| Safe Haskell | Safe-Inferred |
|---|---|
| Language | Haskell2010 |
Torch.Data.StreamedPipeline
Synopsis
- class Monad m => Datastream m seed dataset sample | dataset -> sample where
- streamSamples :: dataset -> seed -> ListT m sample
- newtype DatastreamOptions = DatastreamOptions {
- bufferSize :: Int
- datastreamOpts :: DatastreamOptions
- streamFrom :: forall sample m dataset seed b. (Datastream m seed dataset sample, MonadBaseControl IO m, MonadBase IO m) => DatastreamOptions -> dataset -> ListT m seed -> ContT b m (ListT m sample)
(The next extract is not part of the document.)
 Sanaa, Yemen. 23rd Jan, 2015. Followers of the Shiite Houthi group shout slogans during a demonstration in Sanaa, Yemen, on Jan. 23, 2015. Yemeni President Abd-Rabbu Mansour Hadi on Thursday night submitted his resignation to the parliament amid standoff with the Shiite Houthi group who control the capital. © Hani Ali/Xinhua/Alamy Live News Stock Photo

- streamFrom' :: forall sample m f dataset seed b. (Show sample, Datastream m seed dataset sample, MonadBaseControl IO m, MonadBase IO m, MonadIO m, Foldable f) => DatastreamOptions -> dataset -> f seed -> ContT b m (ListT m sample)
- class (Applicative b, Applicative m, Monad b, Monad m) => MonadBase (b :: Type -> Type) (m :: Type -> Type) | m -> b where
- liftBase :: b α -> m α
- class MonadBase b m => MonadBaseControl (b :: Type -> Type) (m :: Type -> Type) | m -> b where
Defining a Datastream
We will show how to retrieve the IMDB dataset as an example datastream. The dataset used here can be found at https://ai.stanford.edu/~amaas/data/sentiment/
import Pipes
import qualified Pipes.Safe as Safe
import qualified Pipes.Prelude as P
import System.Directory
newtype Imdb = Imdb { dataDir :: String }
data Sentiment = Positive | Negative
instance (MonadBaseControl IO m, MonadSafe m) => Datastream m Sentiment Imdb (Text, Sentiment) where
streamSamples Imdb{..} sent = Select $ do
rawFilePaths <- zip (repeat sent) <$> (liftIO $ listDirectory (dataDir </> sentToPath sent))
let filePaths = fmap (second $ mappend (dataDir </> sentToPath sent)) rawFilePaths
for (each filePaths) $ \(rev, fp) -> Safe.withFile fp ReadMode $ \fh ->
P.zip (PT.fromHandleLn fh) (yield rev)
where sentToPath Pos = "pos" ++ pure pathSeparator
sentToPath Neg = "neg" ++ pure pathSeparatorThis streams in movie reviews from each file in either the positive review directory or the negative review directory, depending on the seed value used.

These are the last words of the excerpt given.